We also dinged this tool's ease-of-use score slightly because of the setup required. Unlike the vast majority of plug-and-play multi-tools out there that you can pull out of the packaging and take out on a ride, the EDC V2 requires some setup whether you're storing it in your steerer or the pump. The setup isn't too difficult or time-intensive, but it's an added step before you're able to hit the trails. For riders who can't stand carrying a pack or having a multi-tool jangling around in their pocket, it's absolutely a worthy time investment.
Overall, the EDC V2 is a well-made and sturdy product. The updated version has a sturdier steel chain breaker and spoke wrenches that won't round out over time. The wrenches on our test tool look just as fresh after a month of heavy use as they did when we pulled it out of the package.
Our biggest concern with this model is the largely plastic construction. The mini tool and chain breaker's fit in the main package rely on plastic pieces that snap together, and after our test session, they were already showing noticeable wear. Considering that most users hopefully won't be using the tool as much as we were when we were deliberately putting it through its paces, we think it will last you a long time. We do recommend being gentle when removing and replacing the mini tool and tire lever, however.
The innovative design and ease of transportation that the EDC V2 provides doesn't come cheap. It's one of the most expensive multi-tools on the market, and when you add in the extra cost of the top cap and steerer threading kit, threadless carrier, or the EDC pump, it will cost you more than twice as much as many of the other top models we tested. Despite the high price tag, we think this product offers plenty of value for the right user. If you're looking to ditch your pack but still be prepared for anything out on the trail, we think this is one of the best options out there.
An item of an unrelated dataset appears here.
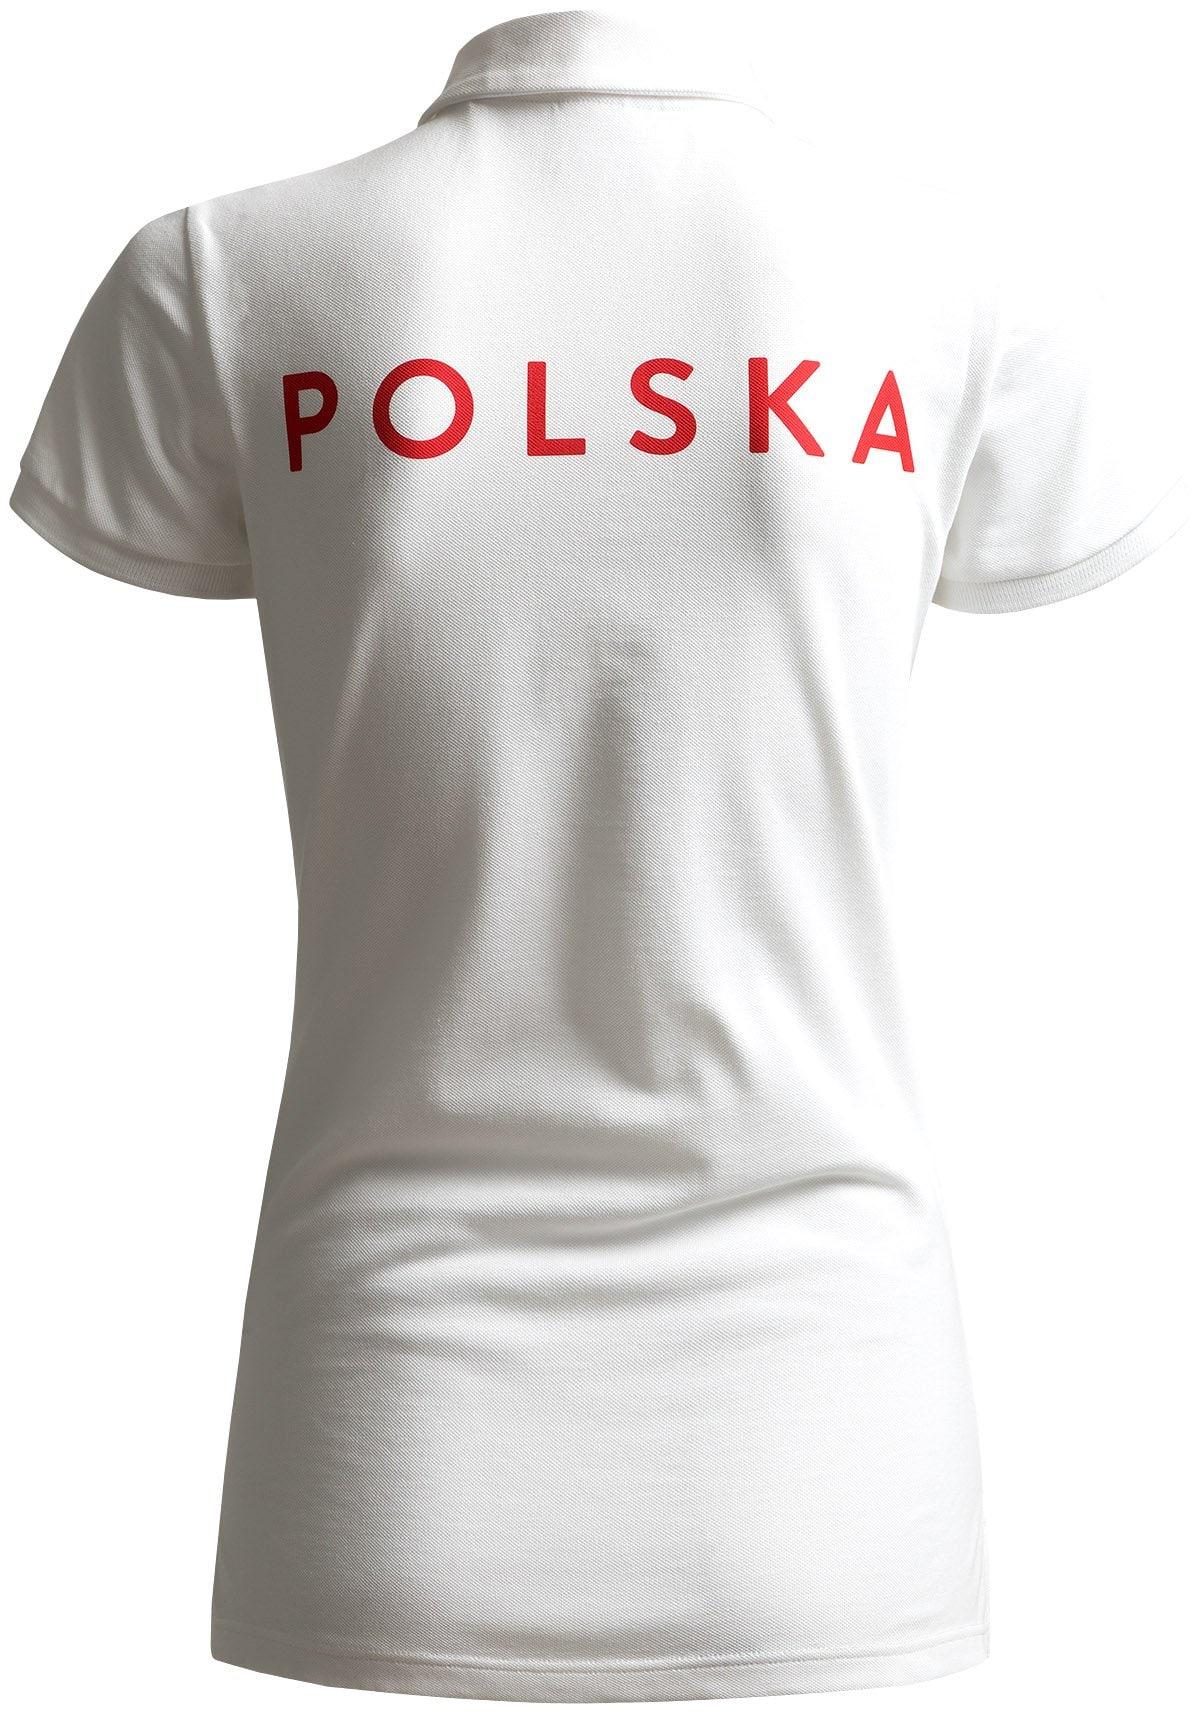 aeb75b551 Koszulka polo damska Polska Pyeongchang 2018 TSD211 - BIAŁY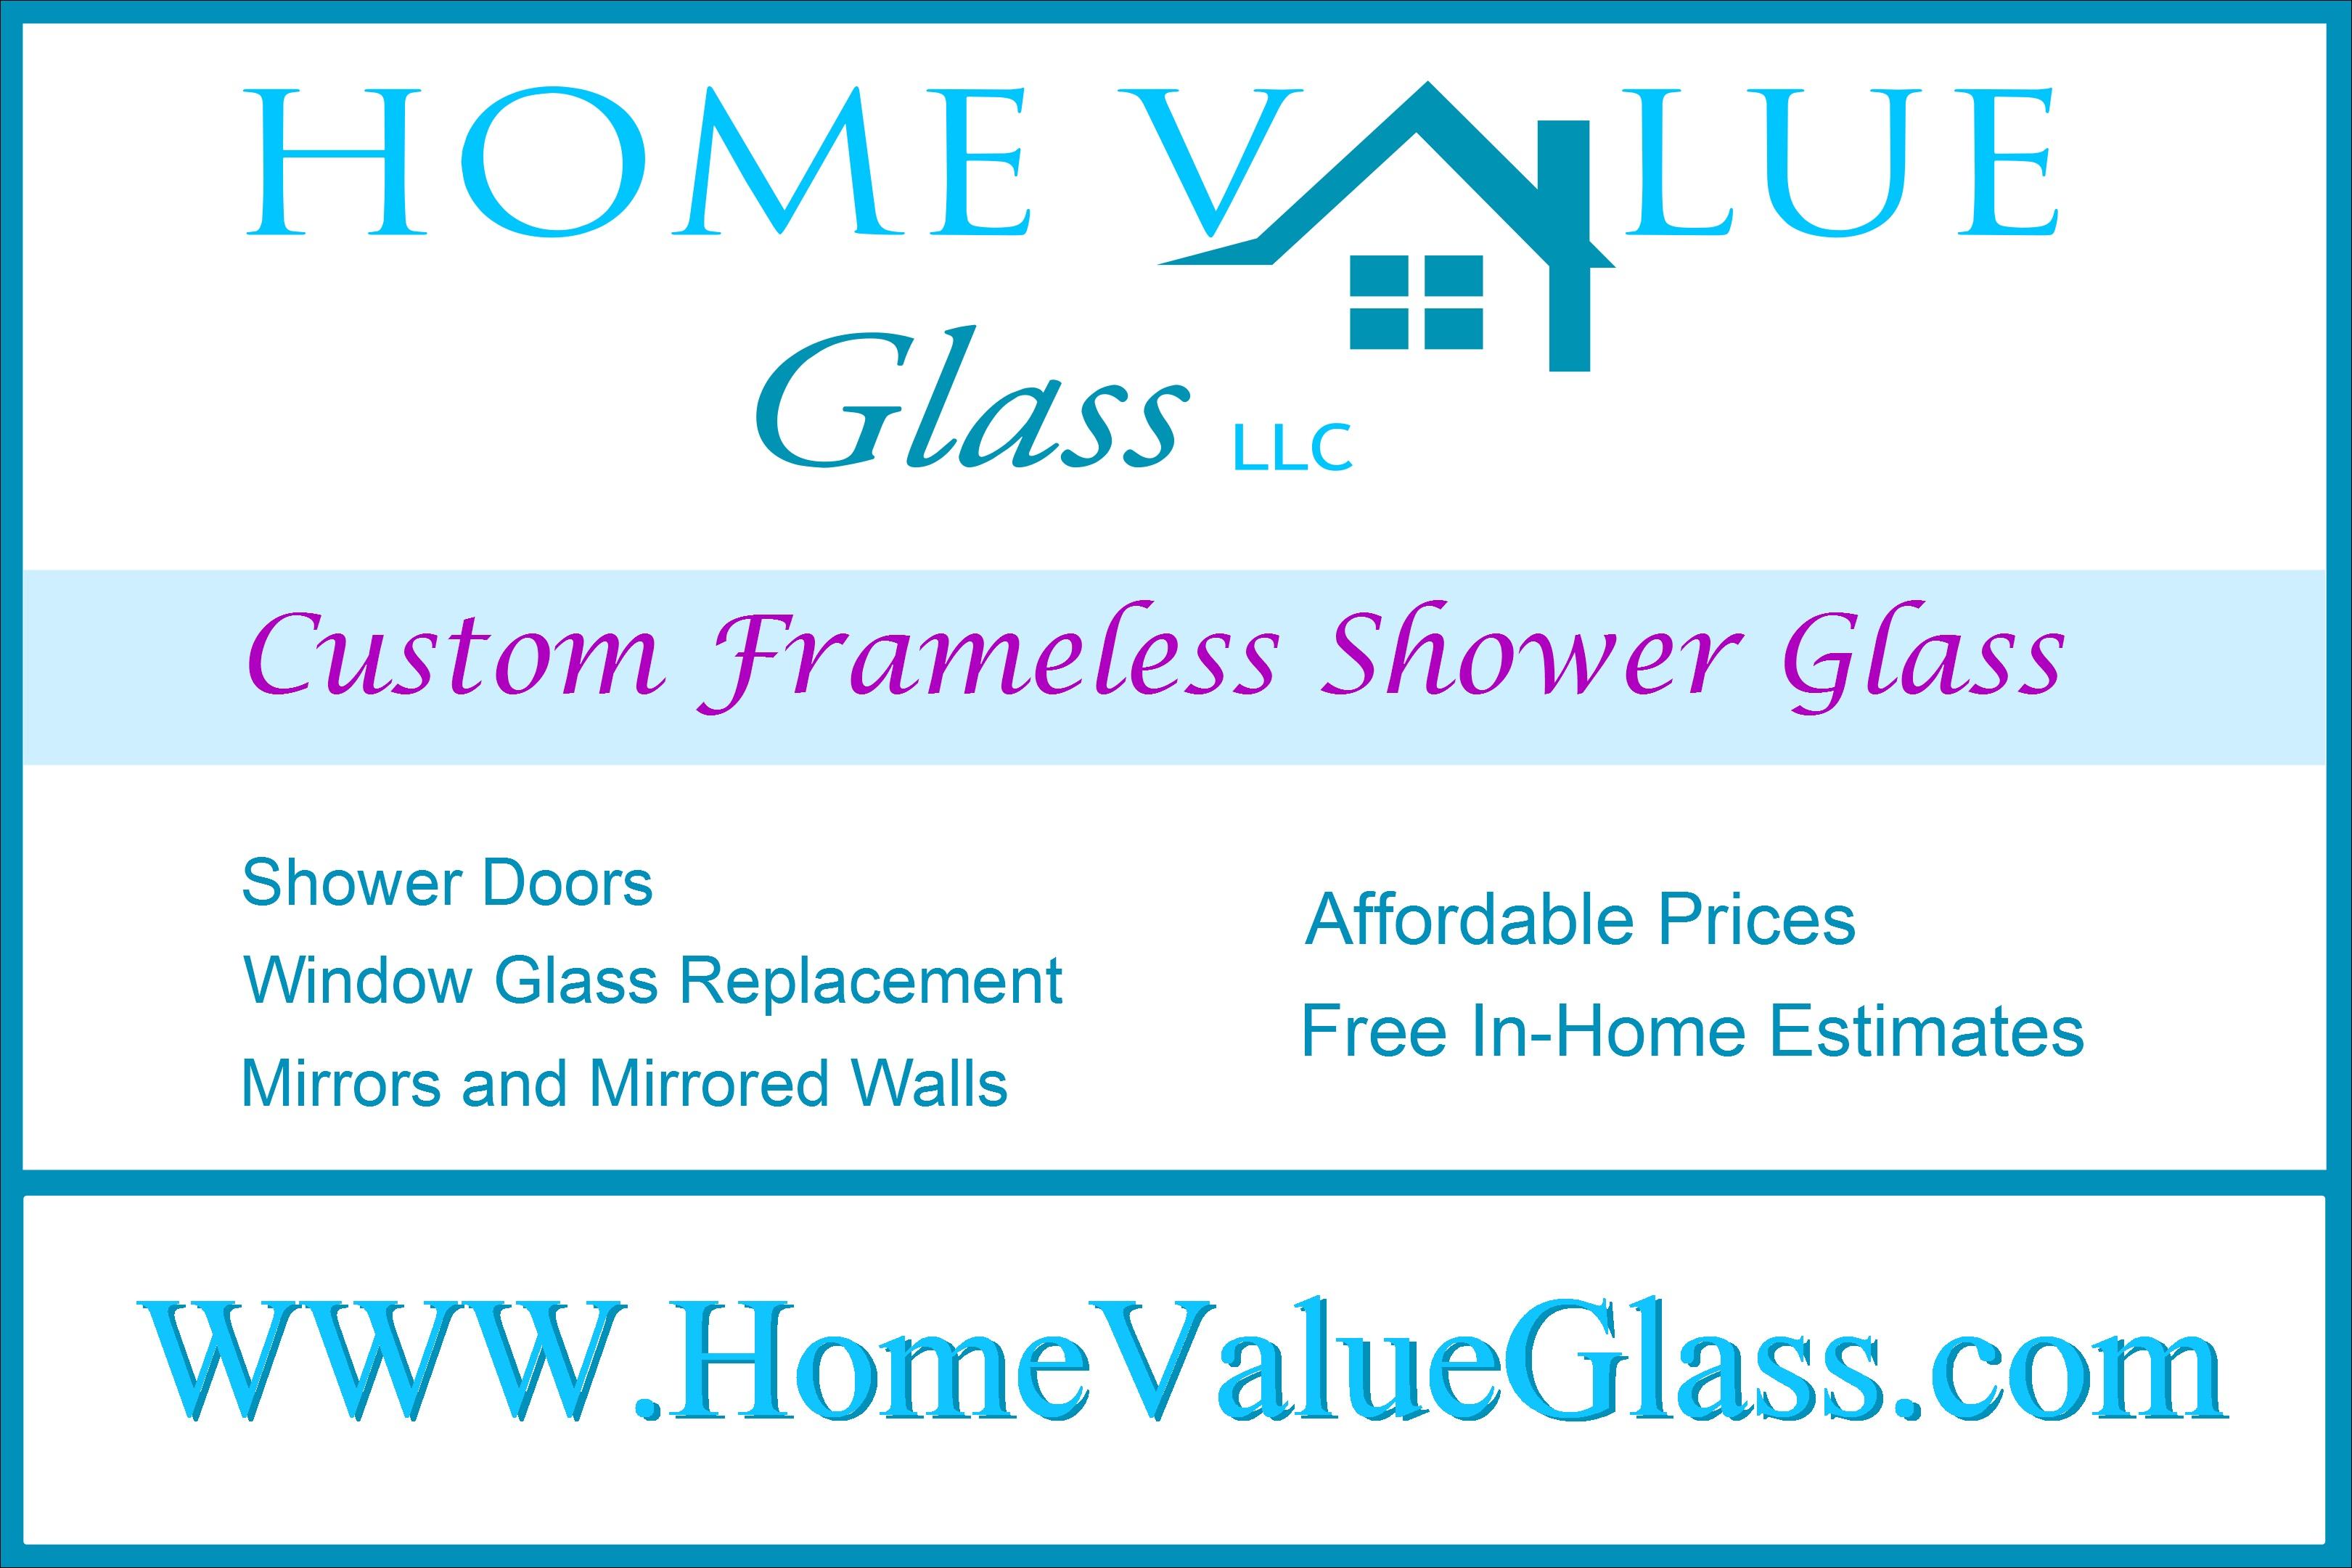 Home Value Glass Llc

While it isn't a huge departure from the original EDC, the V2 features some key improvements over an already-award-winning multi-tool. The unique design is an elegant solution to the ever-present preparedness issue when out on the trails. With enough tools to keep you rolling and extra storage for flat repair equipment, this tool has you just about completely covered for short to mid-length rides. The price tag is high, but so is the value that this tool brings.
Other Versions and Accessories
We tested the EDC V2 using the 100cc frame-mounted pump, but you can also use the EDC V2 with the smaller 70cc pump, just without the sealed storage compartments.
OneUp also offers a nine-function EDC Lite tool that stores in your steerer tube without the need to remove your star nut or thread the tube.The EDC tool suite also includes a tire plug and plier kit that can be purchased separately. The plug kit will fit perfectly inside the EDC V2's small sealed capsule and the pliers will fit in the larger one.